Love, Sierra Beckett."

I was stunned. Confused. My mouth dropped open. My heart felt as if it was beating faster in my chest, it felt tight. I fell to the ground. I heard Jenn run up to me as she was calling out my name. But it felt as if it was distanced as she said my name. She asked if I was okay, but I just couldn't feel anything in my body. I felt numb, I felt weak, I felt so mad I wanted to lash out and destroy everything. But at the same time, I could not move. I felt stuck there, like I was glued to the ground.

JORDON'S POINT OF VIEW

It was my baby girl's birthday. I grabbed the envelopes and handed them to my two girls. They did not know it was coming. They had questioned what they were, and I responded by saying it was from their mother, and that she had requested for me to give them to Steph on her eighteenth birthday. They looked at me. They looked sad.

"I do not want to read it." Stacy said as she put it in her nightstand, "Not today anyways, another supposedly, but I don't want too. Do I have too?" She questioned.

I shook my head, "You can read it whenever you want when you're ready. Steph are you ready?"

She shook her head, "I don't want it to ruin my day."
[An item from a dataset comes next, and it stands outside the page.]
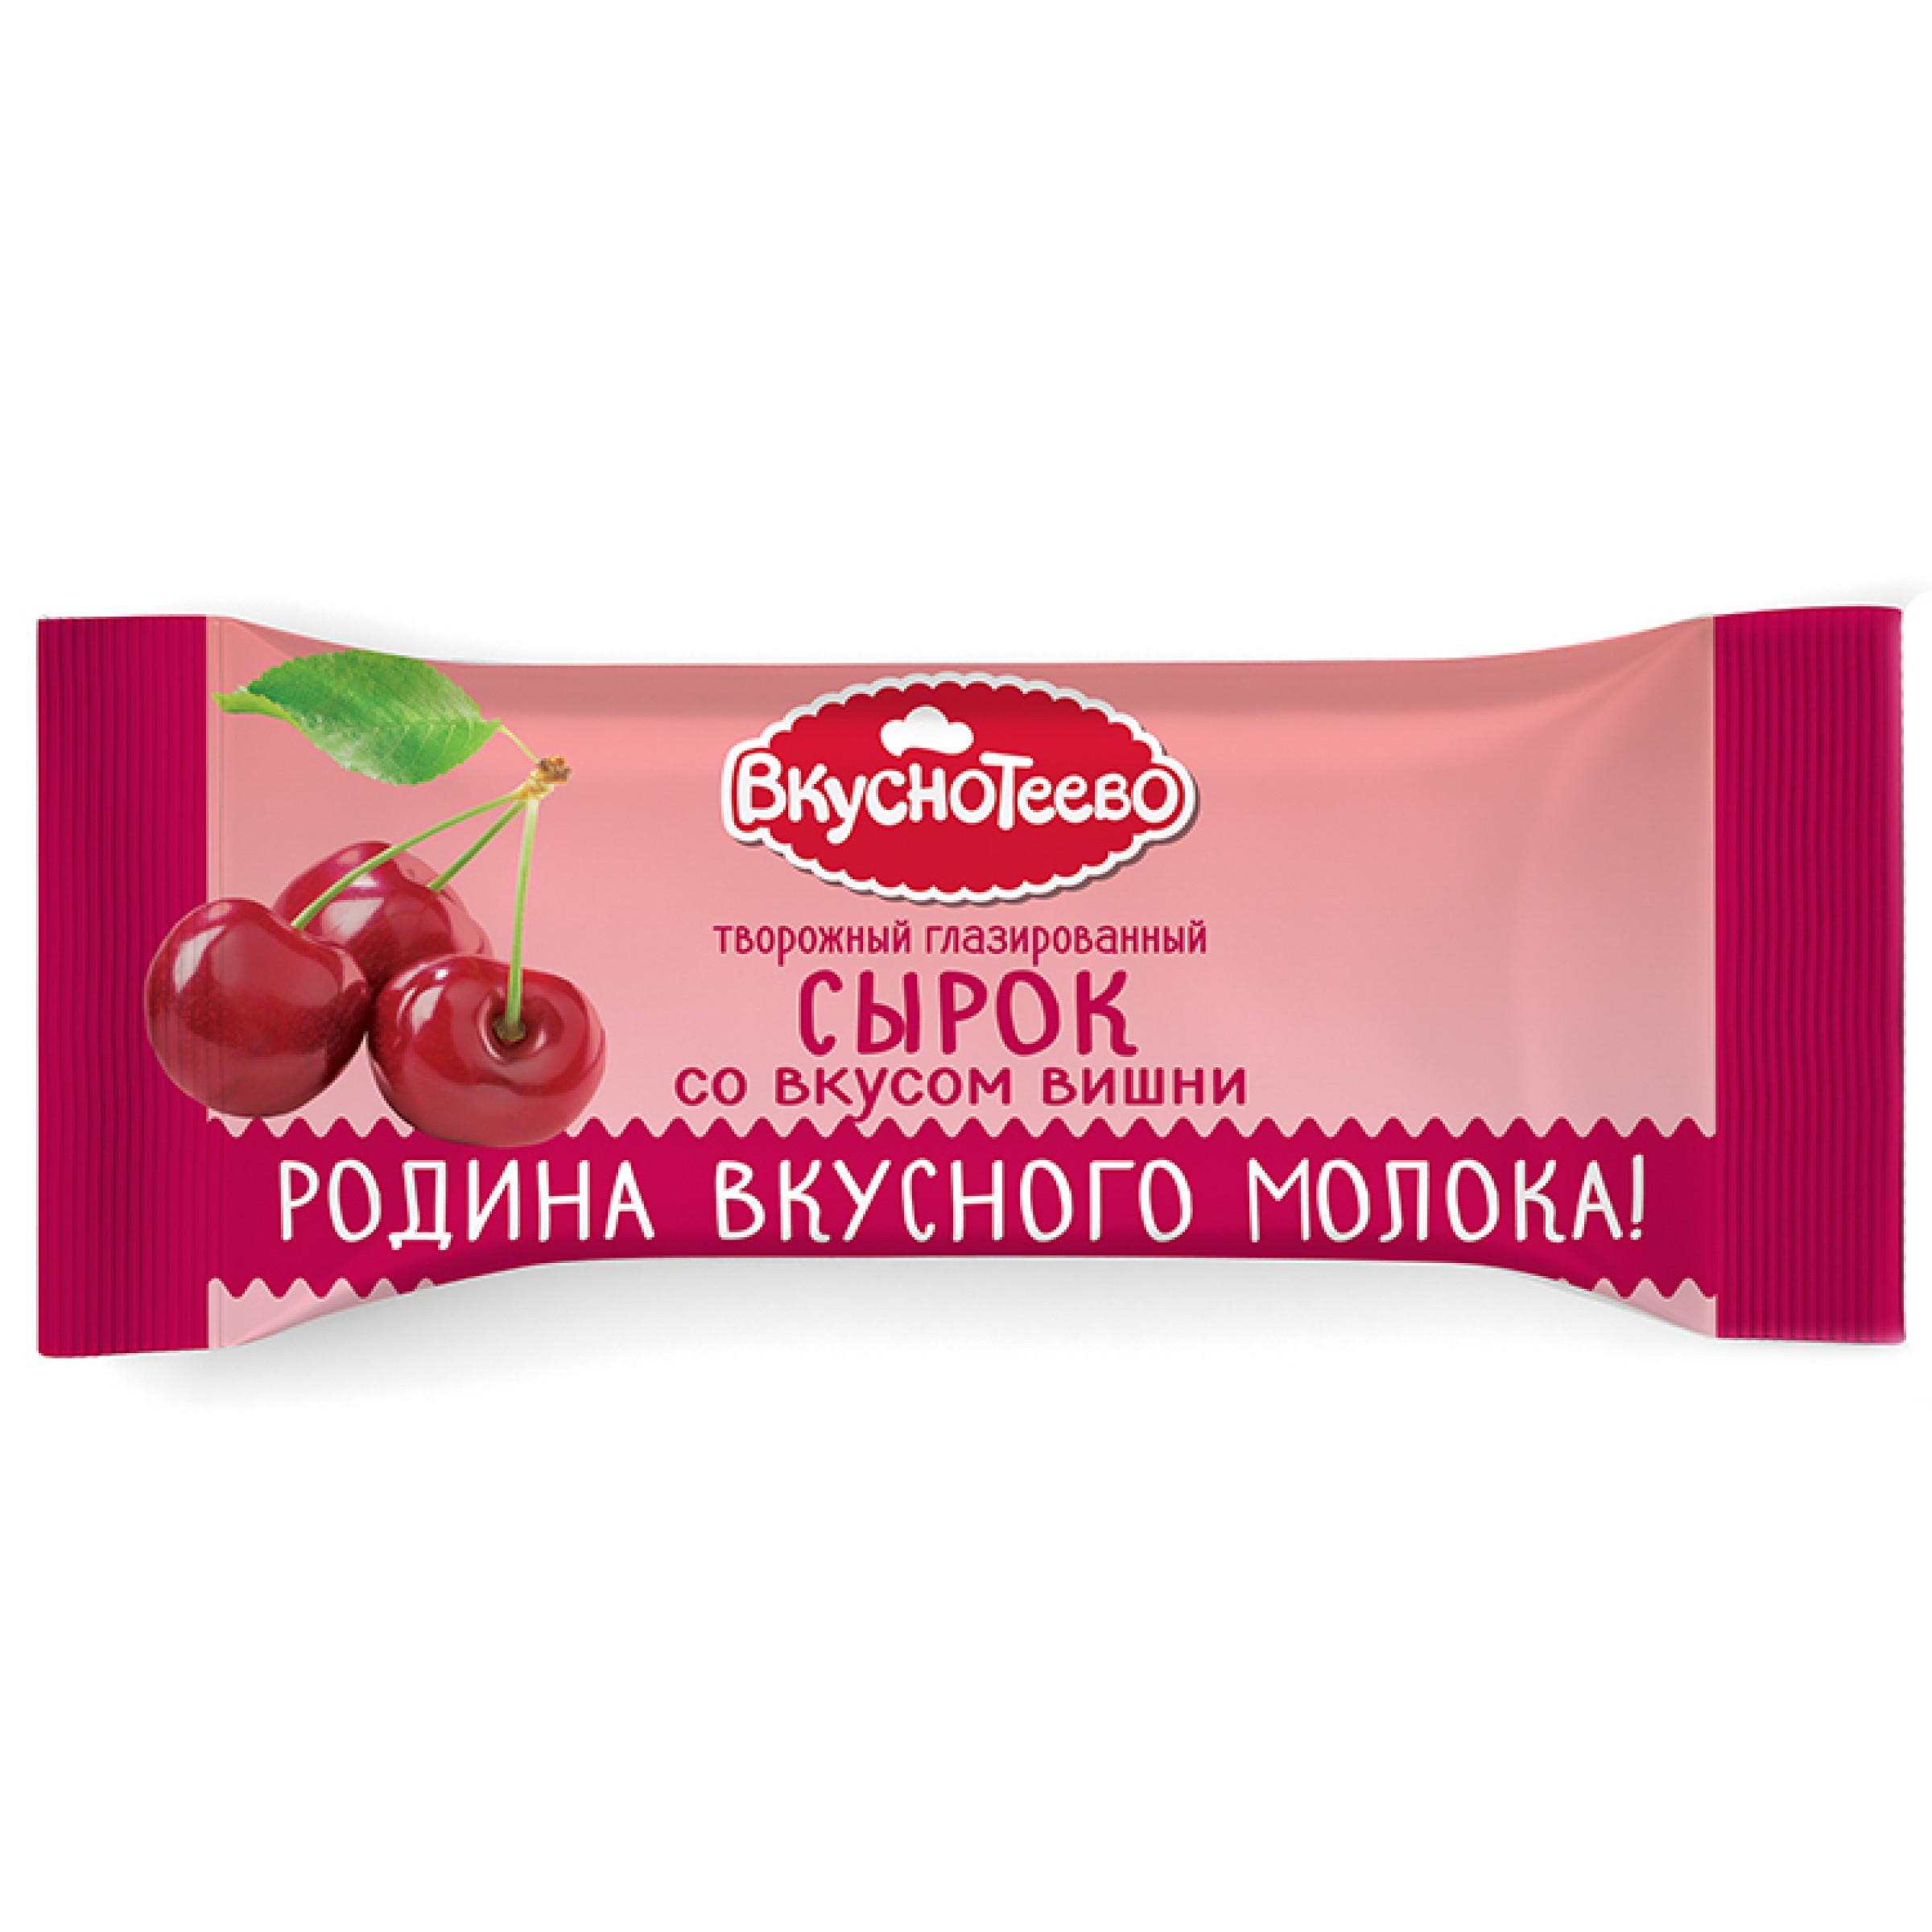 """Сырок глазированный """"Вкуcнотеево"""" 23% со вкусом вишни, 40 г"""
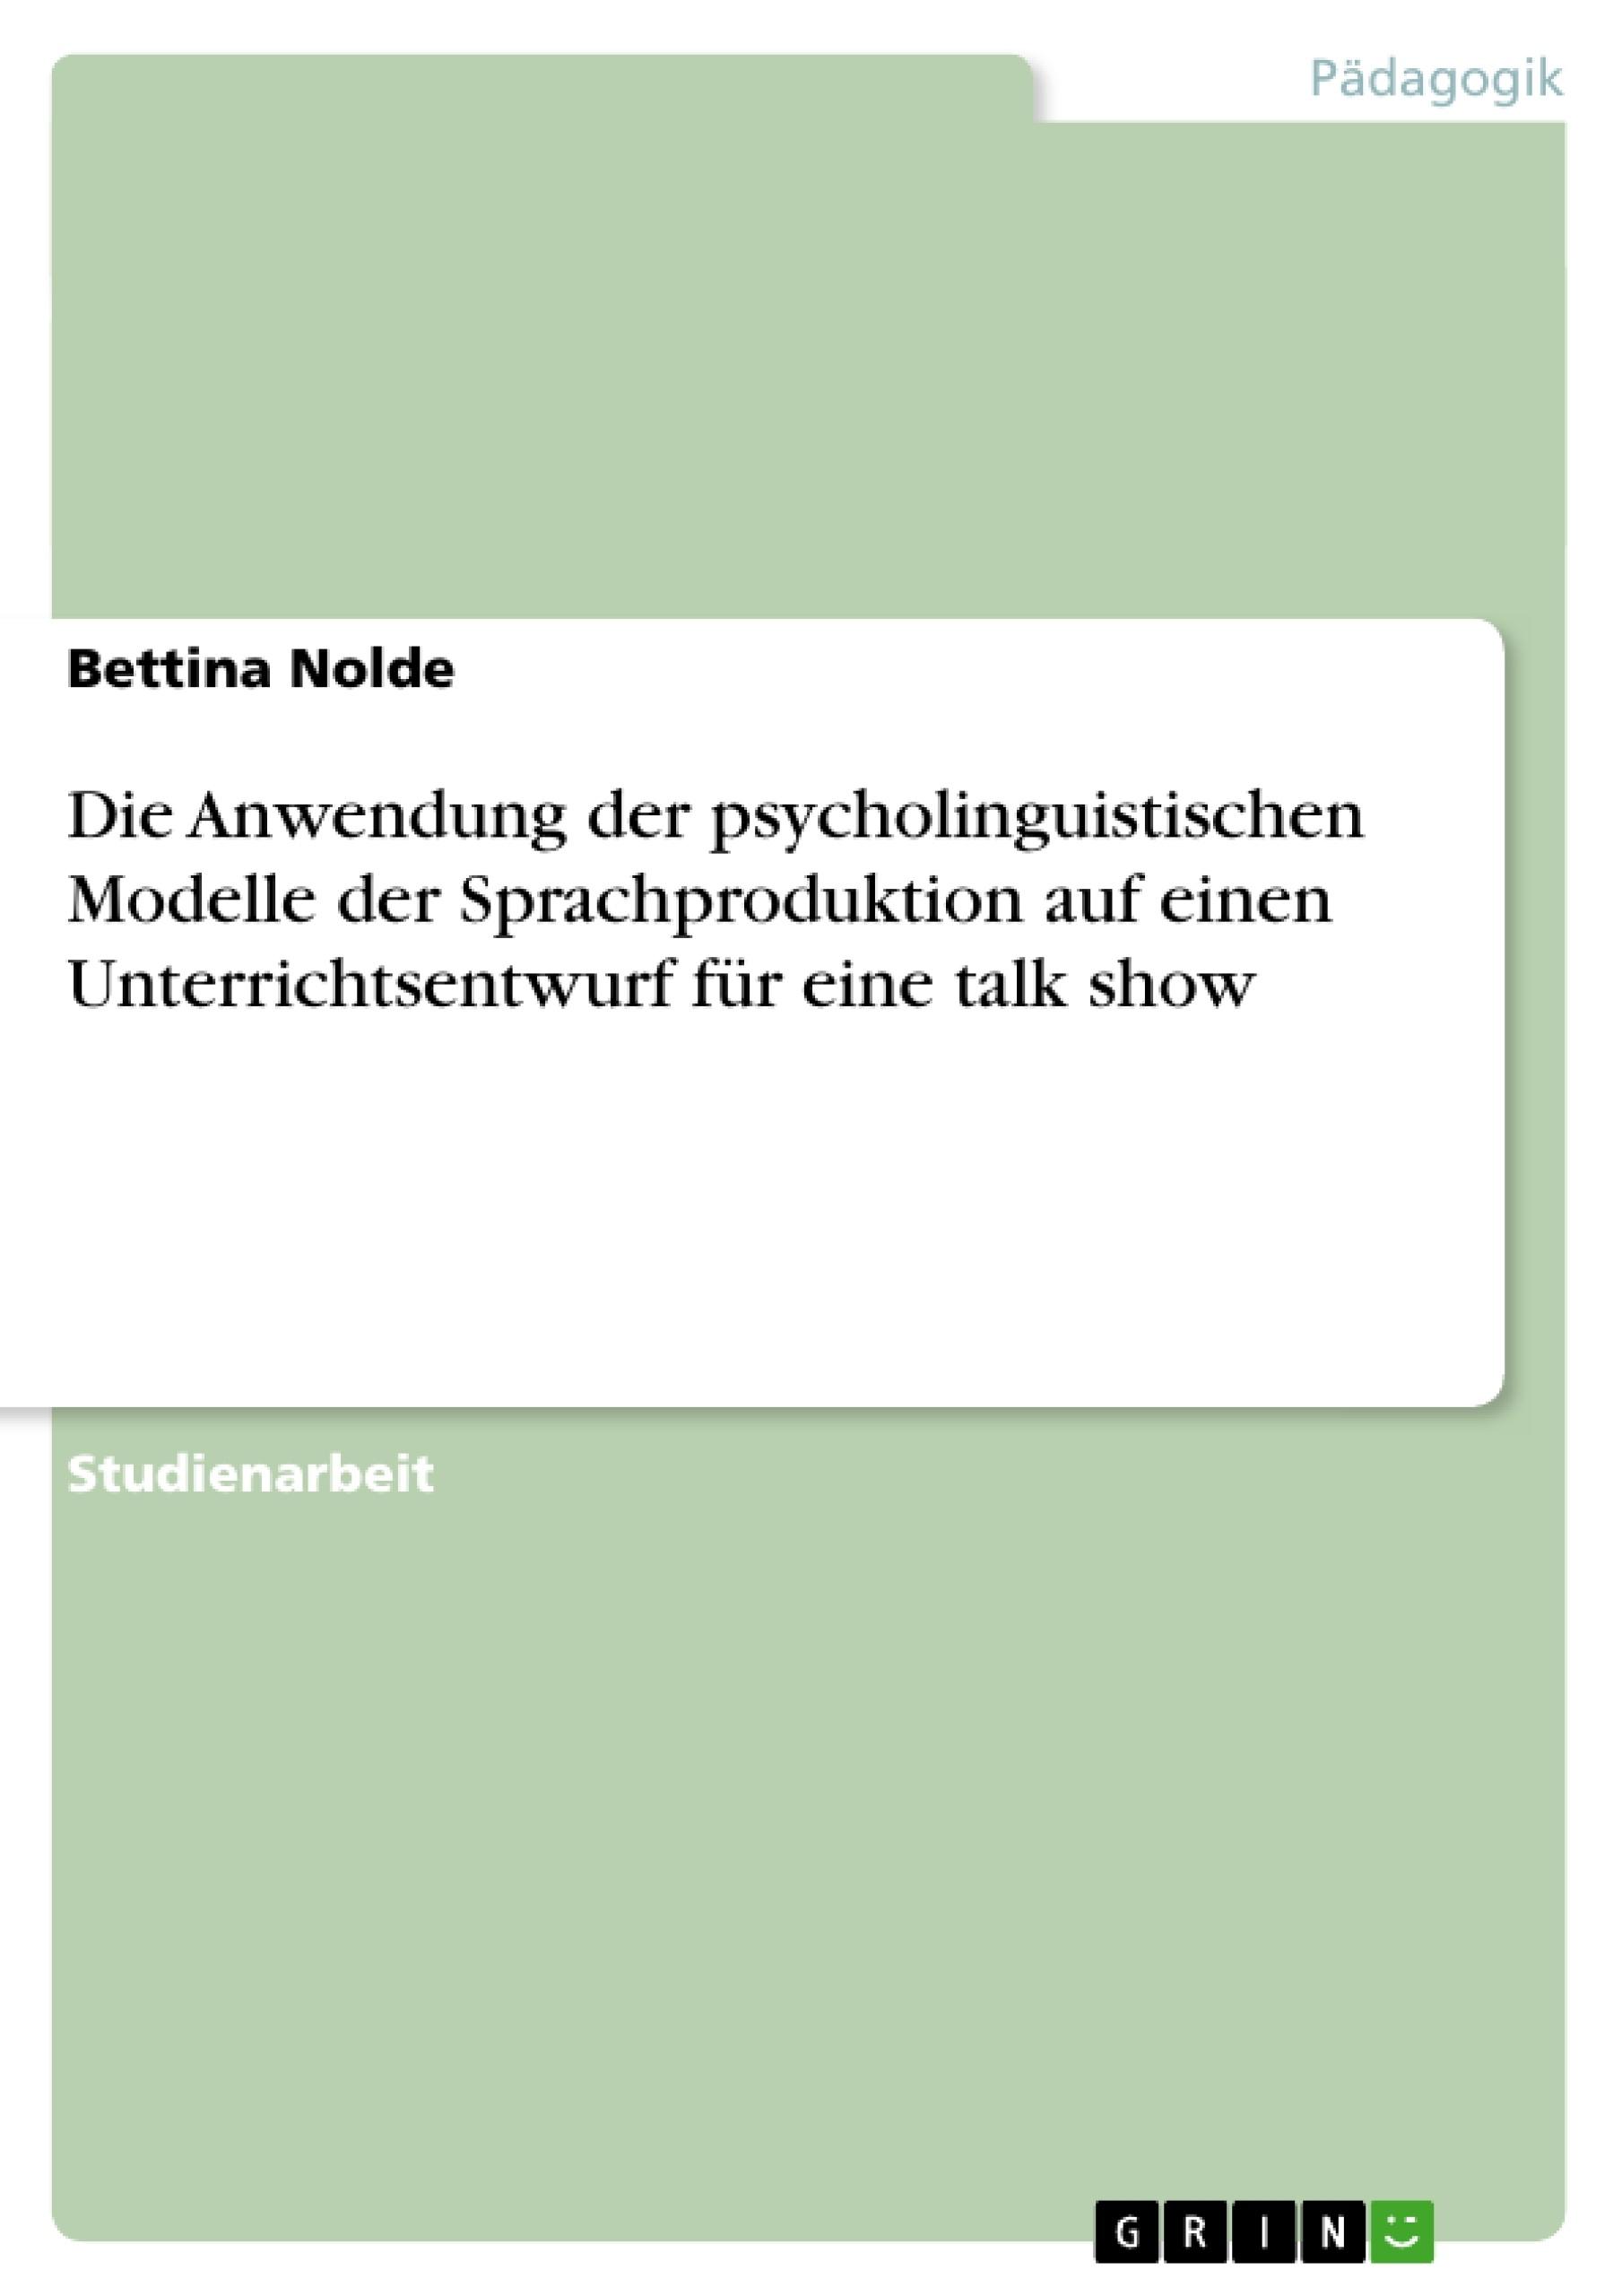 Titel: Die Anwendung der psycholinguistischen Modelle der Sprachproduktion auf einen Unterrichtsentwurf für eine talk show

I nodded my head, smiled, and started to cry as I hugged them both as they decided as I could not pressure them on what to do. I decided to go to the bathroom and read the one that my ex wife had wrote for me.

"My dear Jordon,

I put my love in for you, I supported you on those nights I thought you might have been dead...I loved you dearly, until one day I woke up and there wasn't anything there. Maybe because you did not love me the way you said you did? I don't know, but Jordon, I finally found someone I loved, and to this day I probably still love them, but in heaven. I had a severe battle with cancer, and I don't know if I am alive right now or not, but please don't find me. Because I am more than likely happy right now. Leaving the girls wasn't the best option but I did not want to put them through what their mother was going through. And I really hope you can support that to this day and forgive me for the awful things I had done. I also did not mean to burn down your sister's house, it was meant to be ours...with you in it, because at that time I had found out you were cheating on me with some girl... I am terribly sorry, and I really hope you can forgive me for doing what I had done...I am also sorry for the murder's that had happened in our town, my boyfriend wanted revenge on cheaters, criminals, and etc...which is why Belle's house burned instead of ours...because you were a cheater and he wanted revenge, but instead there was some miscommunication, and the wrong house burned and she suffered for what I had done. I am sorry, I am so sorry.

Yours truly,
Sierra Beckett..."

I felt so mad. I felt so sad. I stood up and walked to the kitchen and made myself some coffee, put some rum in it and drank it down. She was killing with someone who was killing, she murdered my own sister in cold blood, for the time that she was with me she had known what she did, she cried at the funeral, she slept right next to me knowing that she killed my sister. SHE KILLED MY SISTER.